• **WHAT IS EXPECTED**
Leave the pictures in the listing below aside and reproduce exactly the lines starting with the one with "Olma Festival in St Gallen" and going on through the one with "Alighieri La Collisione", both ends included.

• **THE RECORDS**
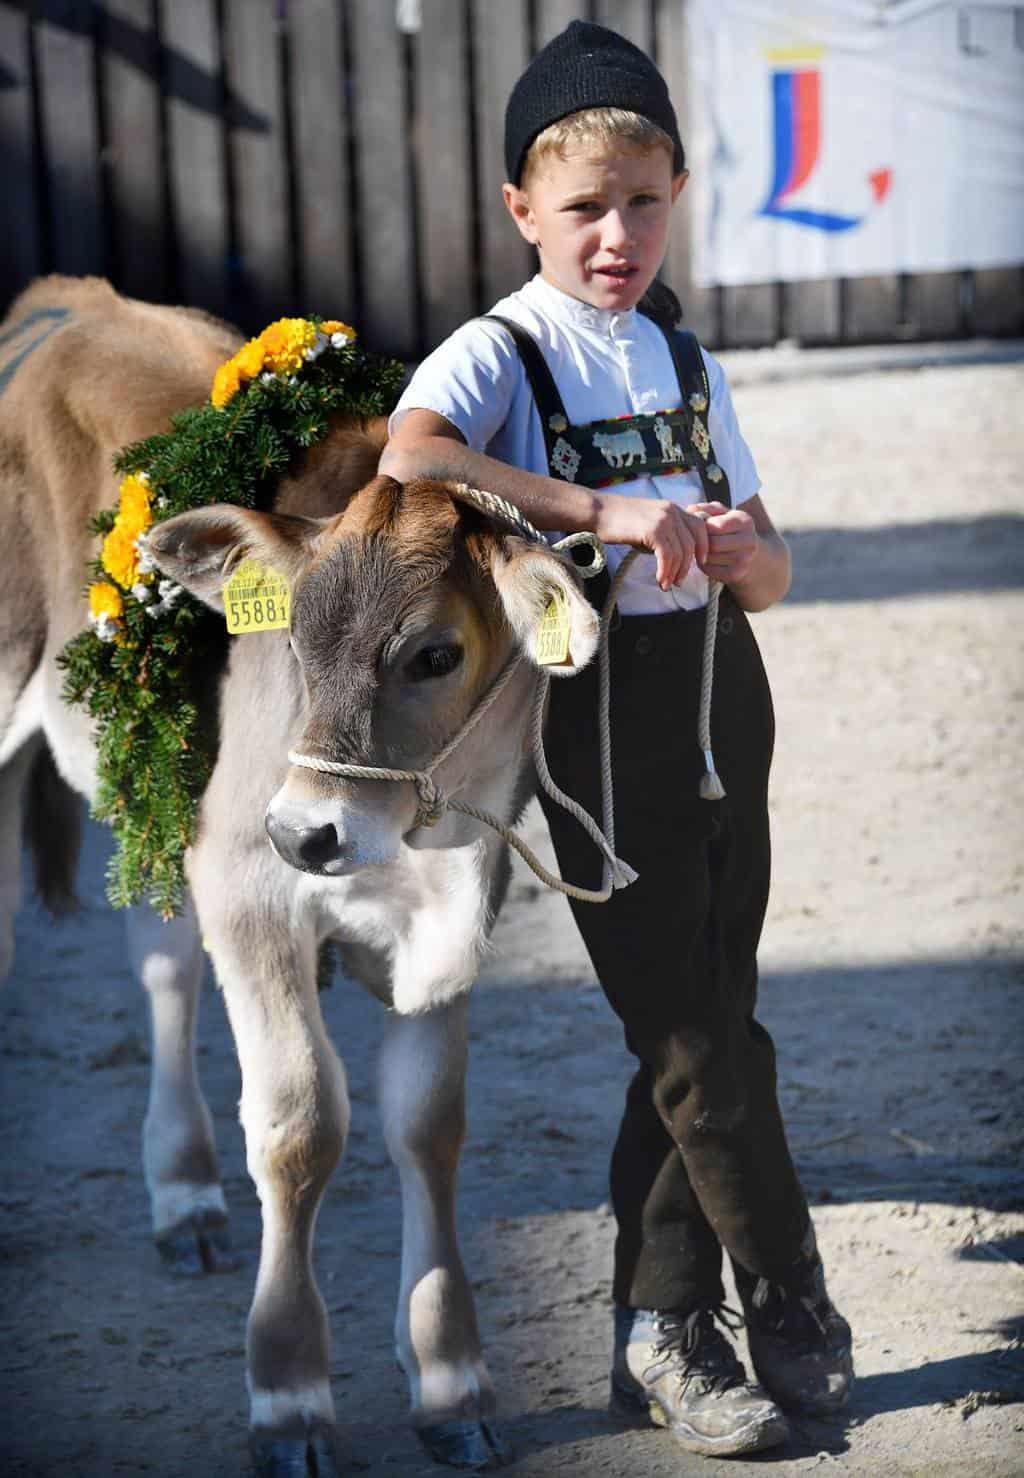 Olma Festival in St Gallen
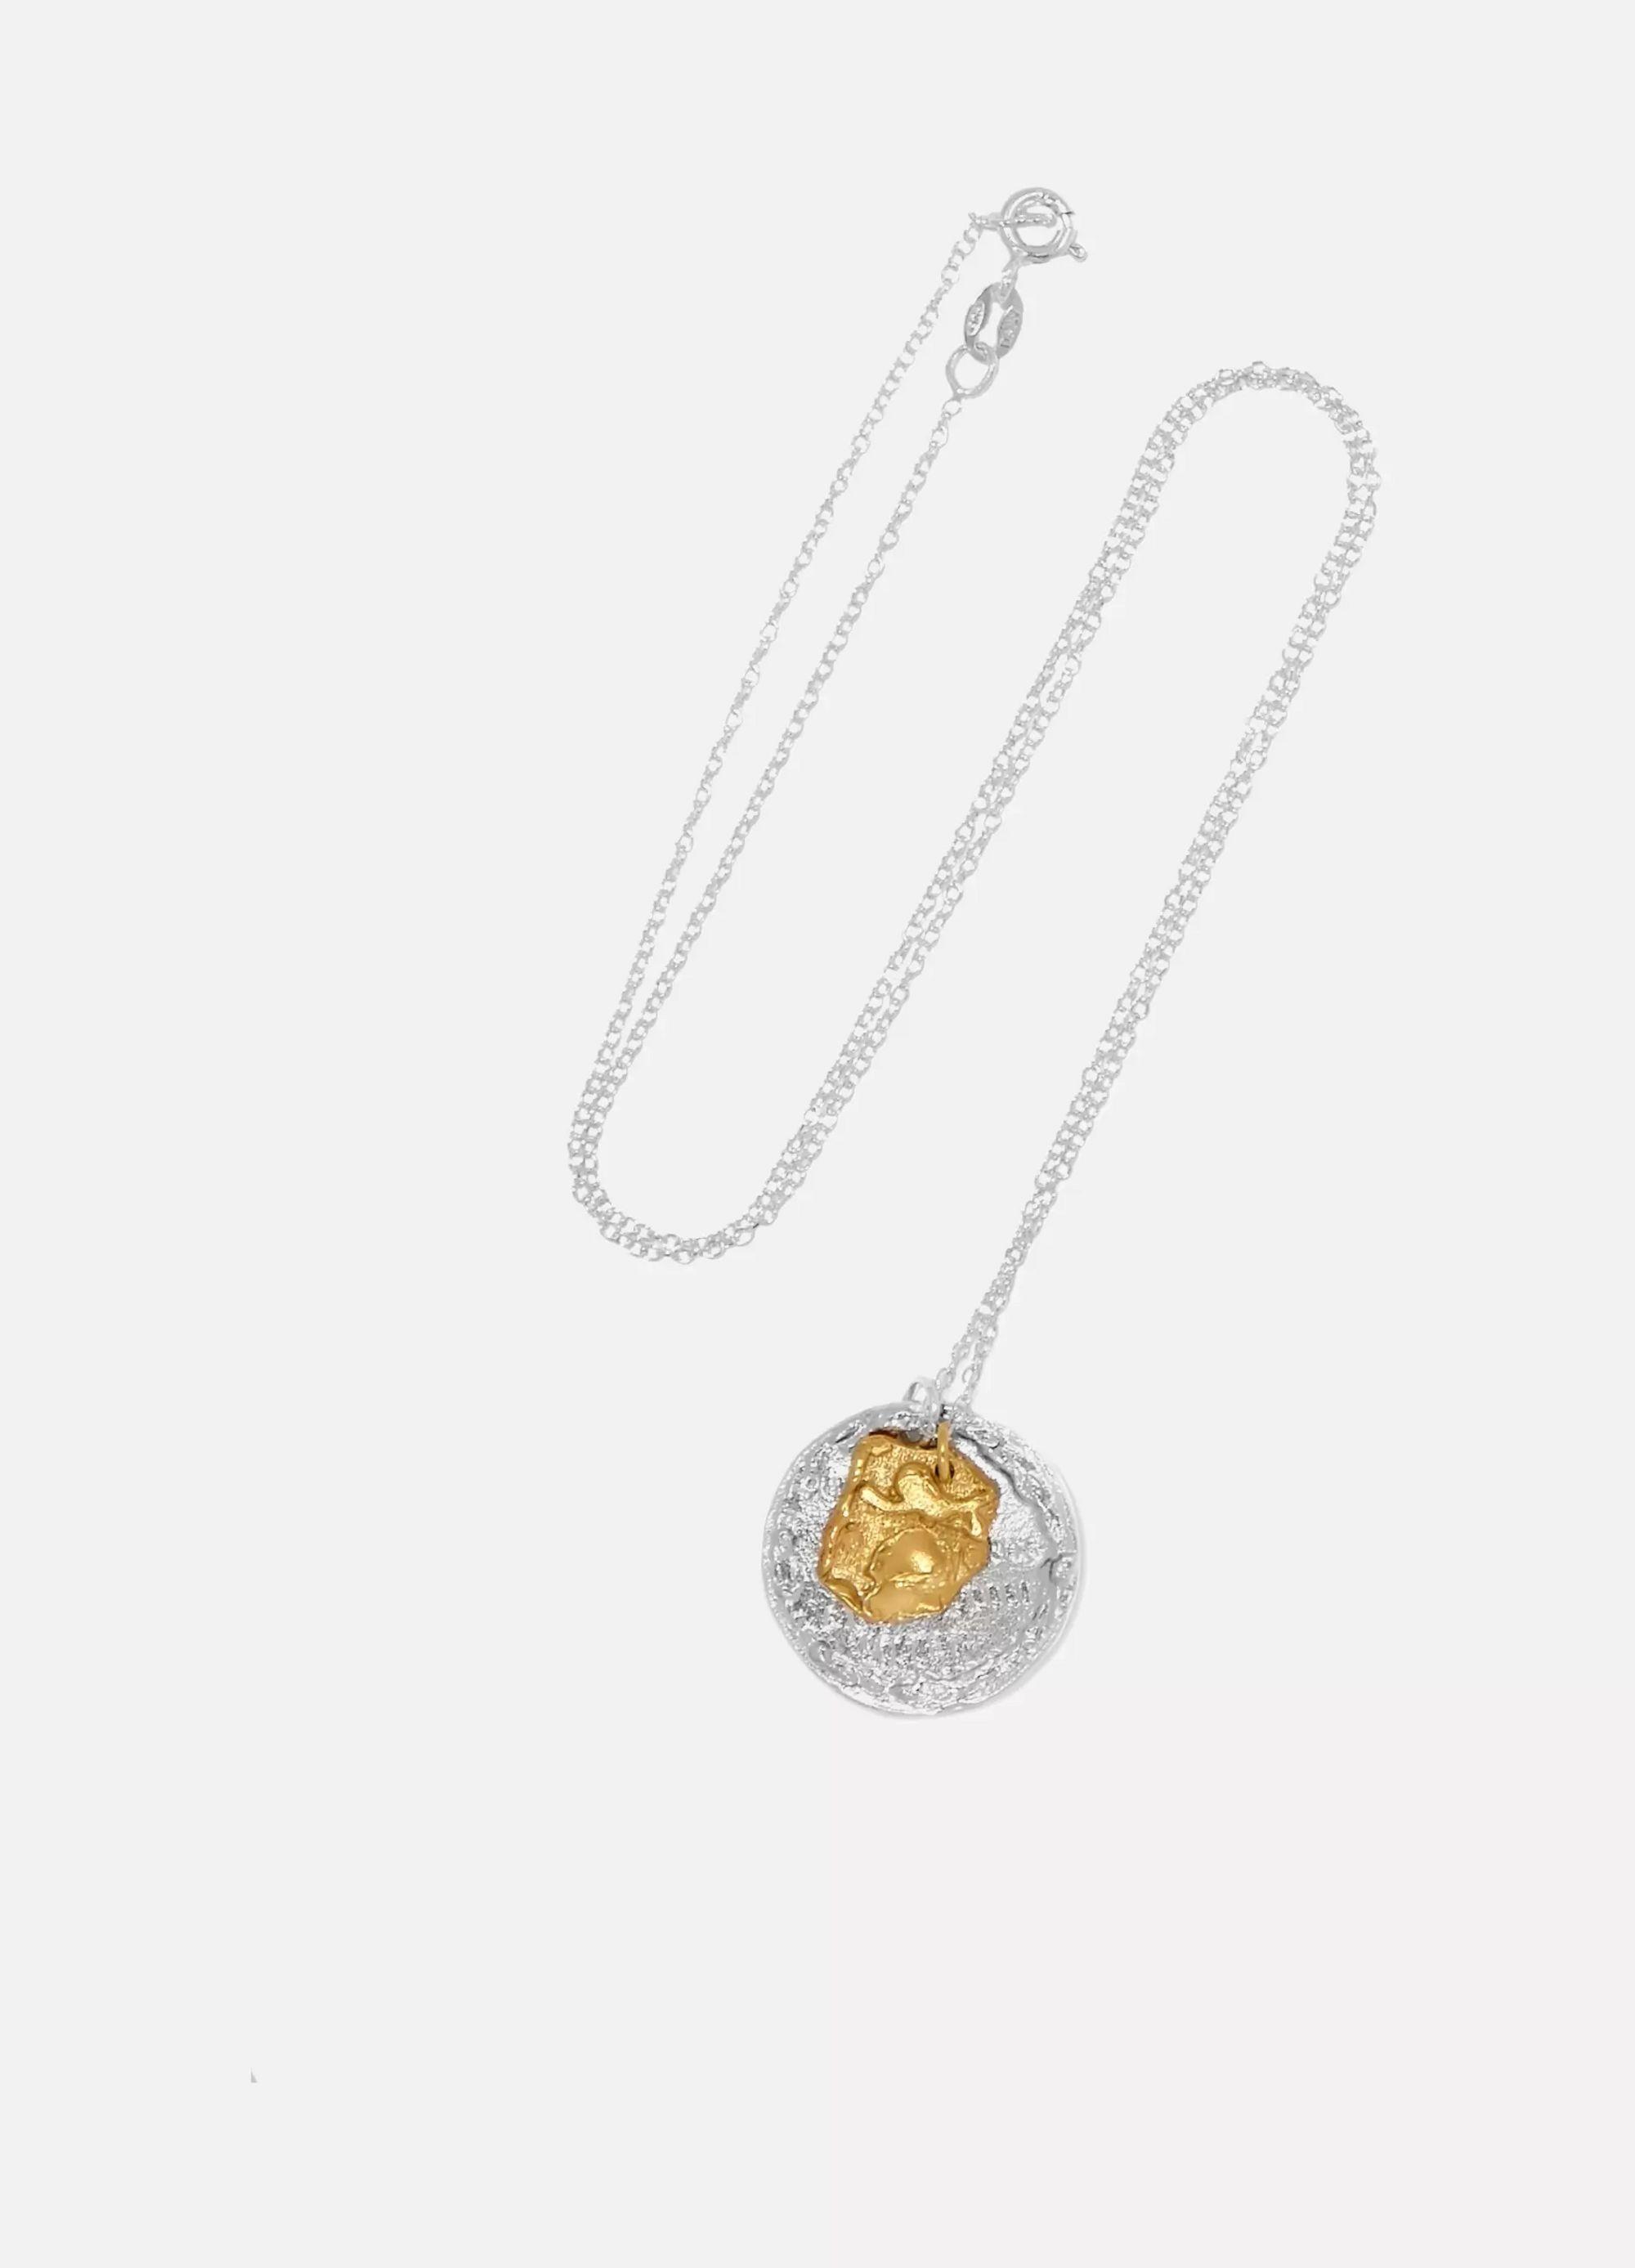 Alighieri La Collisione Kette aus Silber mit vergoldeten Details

==

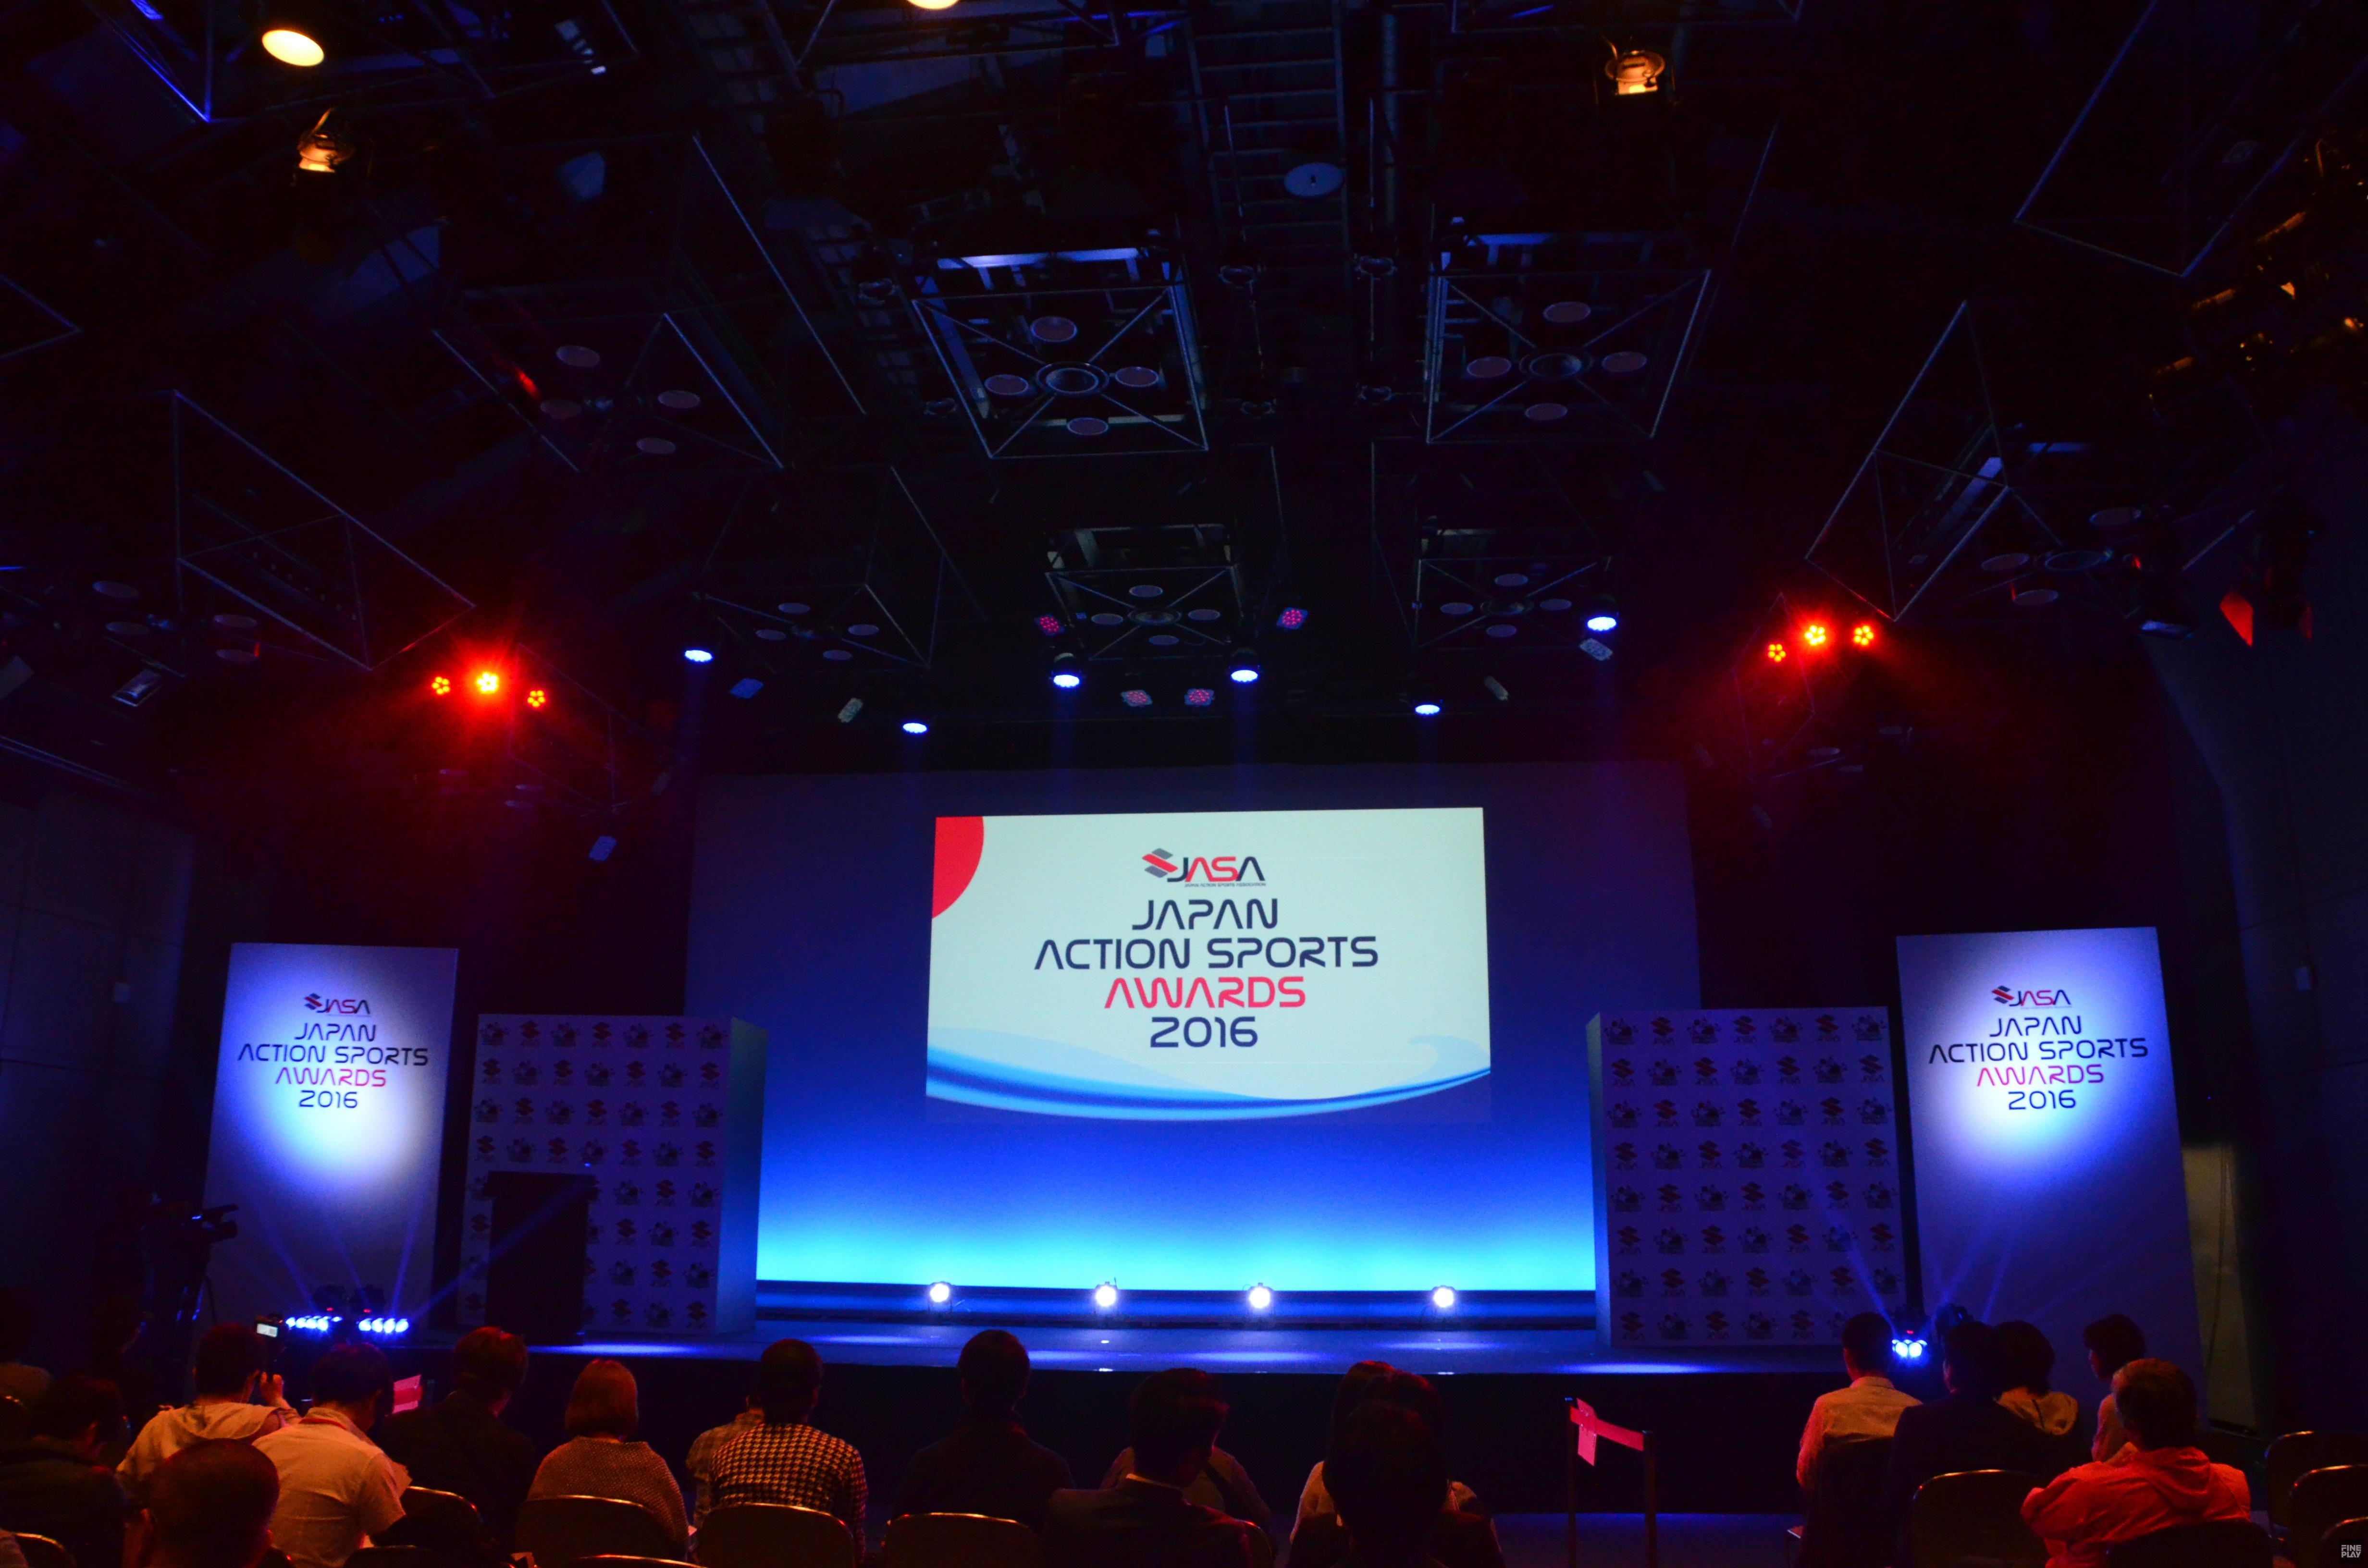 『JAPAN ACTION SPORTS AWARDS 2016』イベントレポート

• **EXERCISE ANSWER**
 Olma Festival in St Gallen
 Alighieri La Collisione Kette aus Silber mit vergoldeten Details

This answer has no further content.